• Information shown:

■ ■ ■ ■ ■

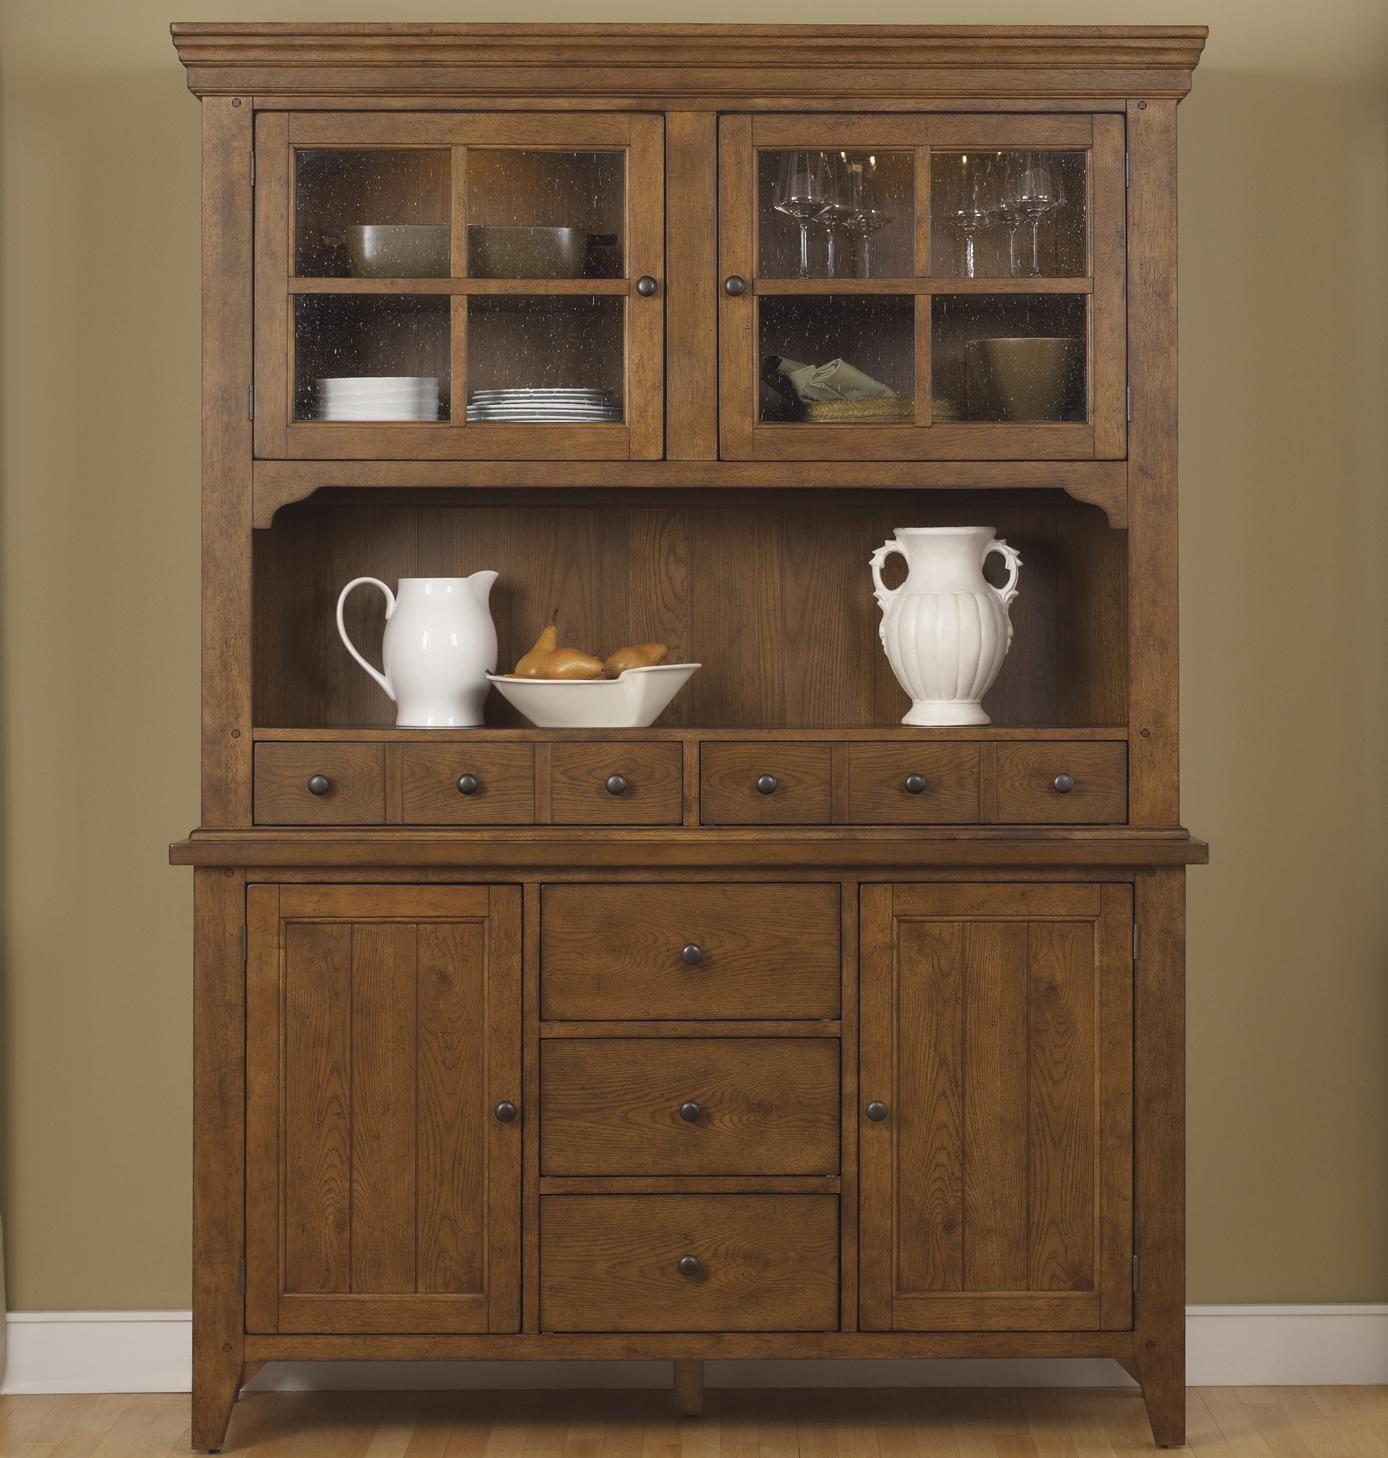 Hearthstone Hutch Dining Room CabinetsBathroom
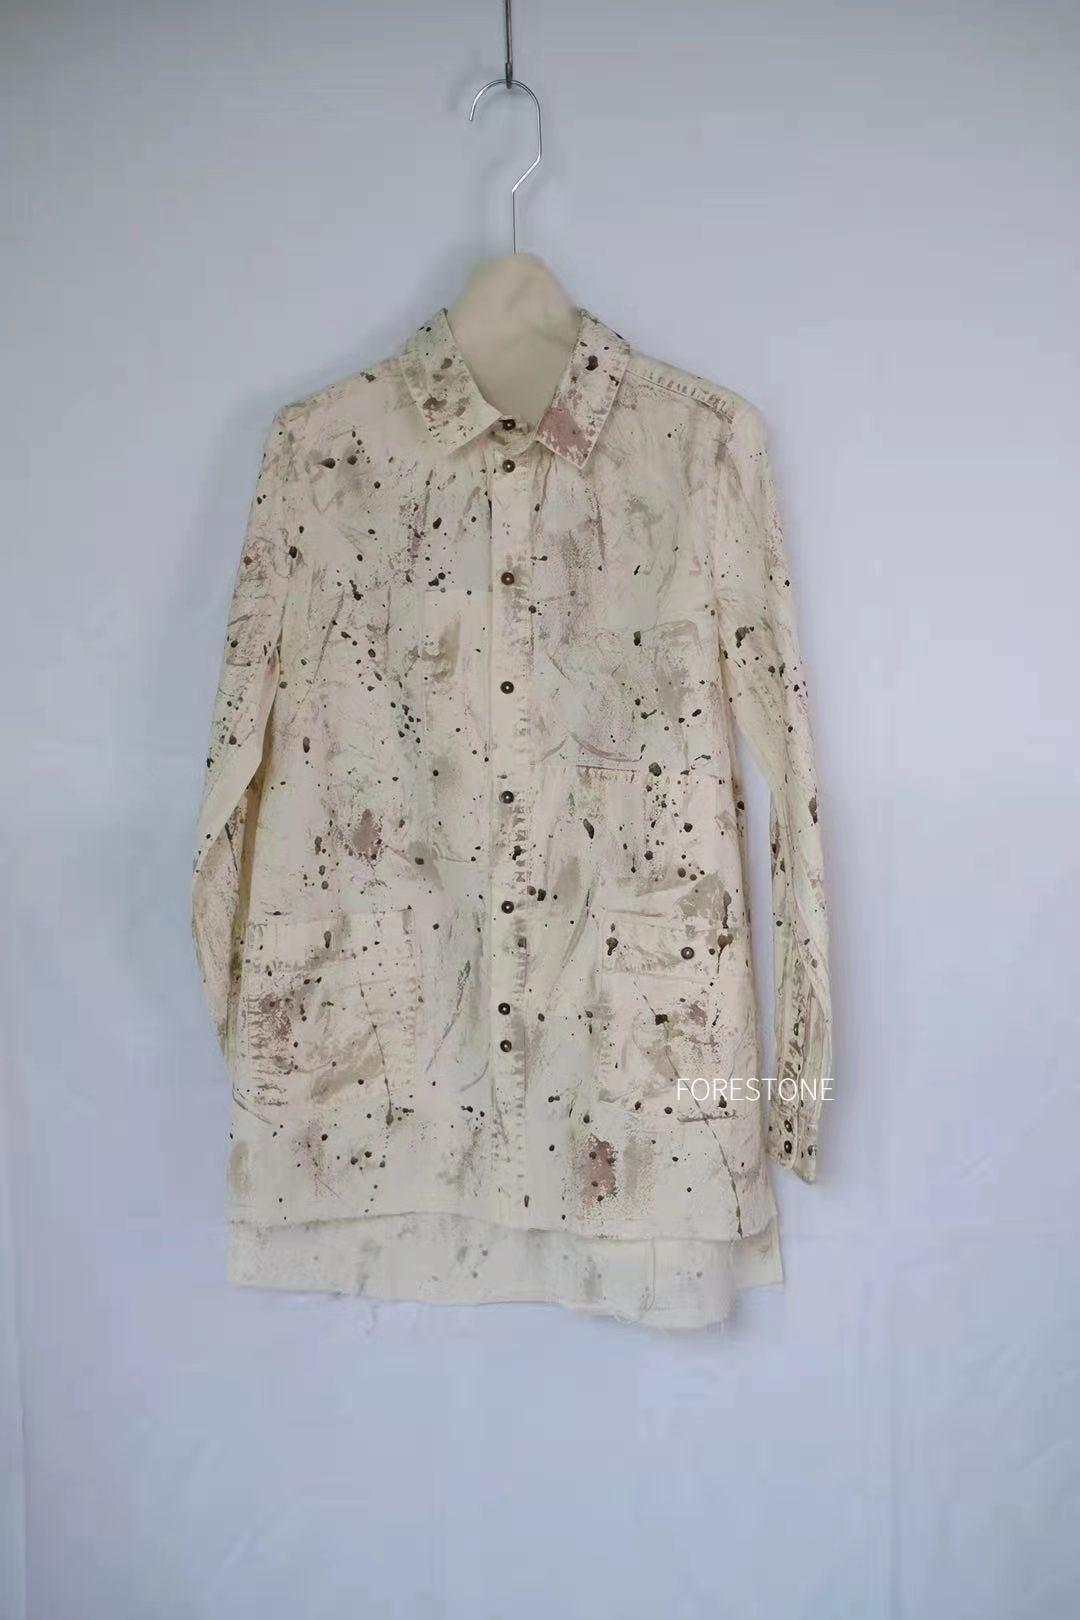 Aleksandr manamis Danish brand white spotted shirt forestone brush stone
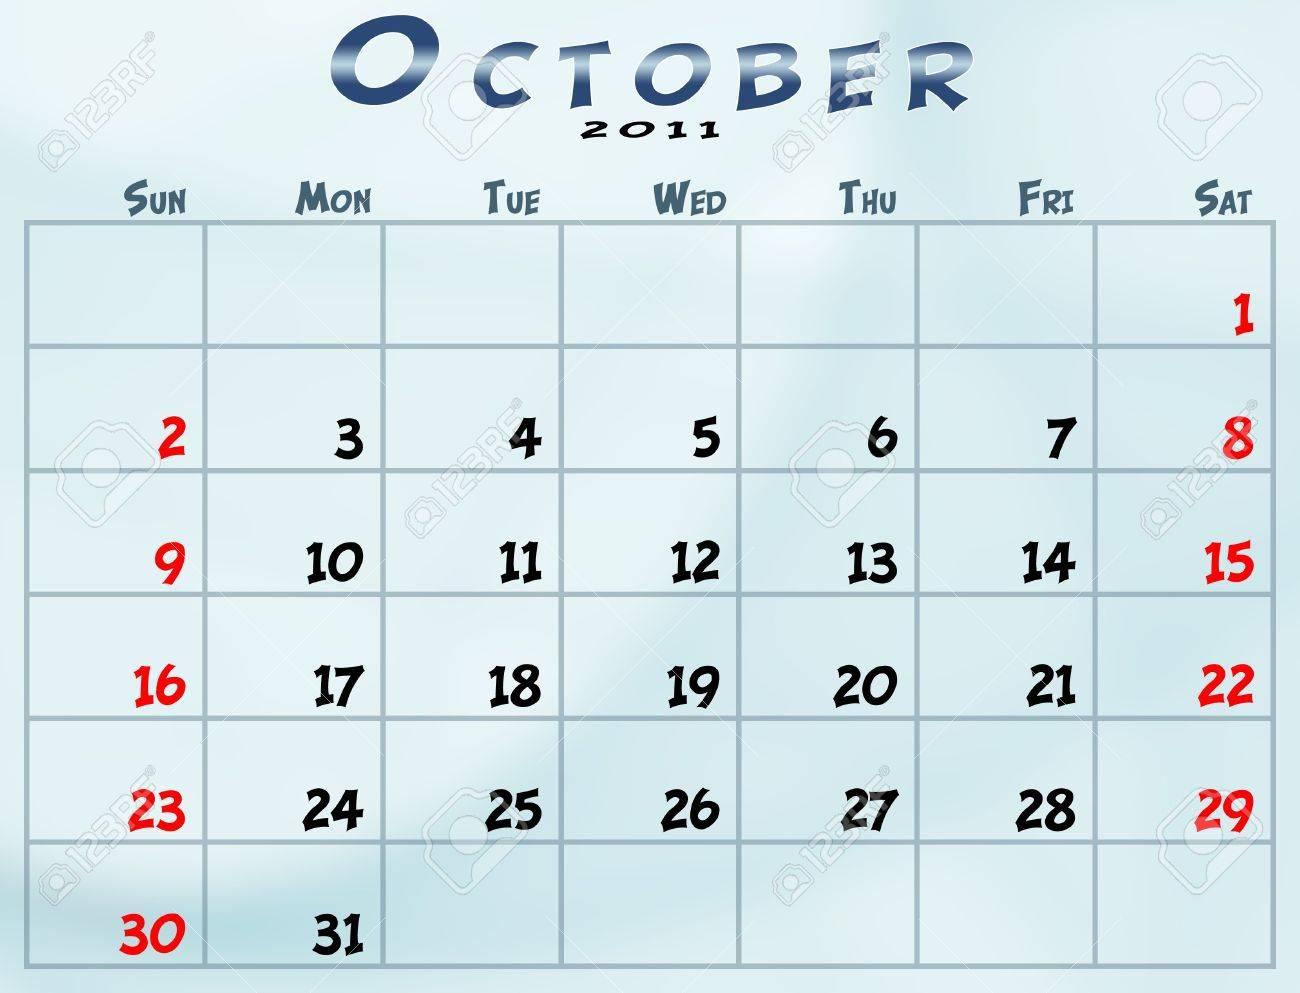 2011 Calendario.October 2011 Calendar From Sunday To Saturday

■ ■ ■ ■ ■

• Problem to work on:
Print every line above once more, exactly. Omit the pictures.

• Written solution:
 Hearthstone Hutch Dining Room CabinetsBathroom
 Aleksandr manamis Danish brand white spotted shirt forestone brush stone
 2011 Calendario.October 2011 Calendar From Sunday To Saturday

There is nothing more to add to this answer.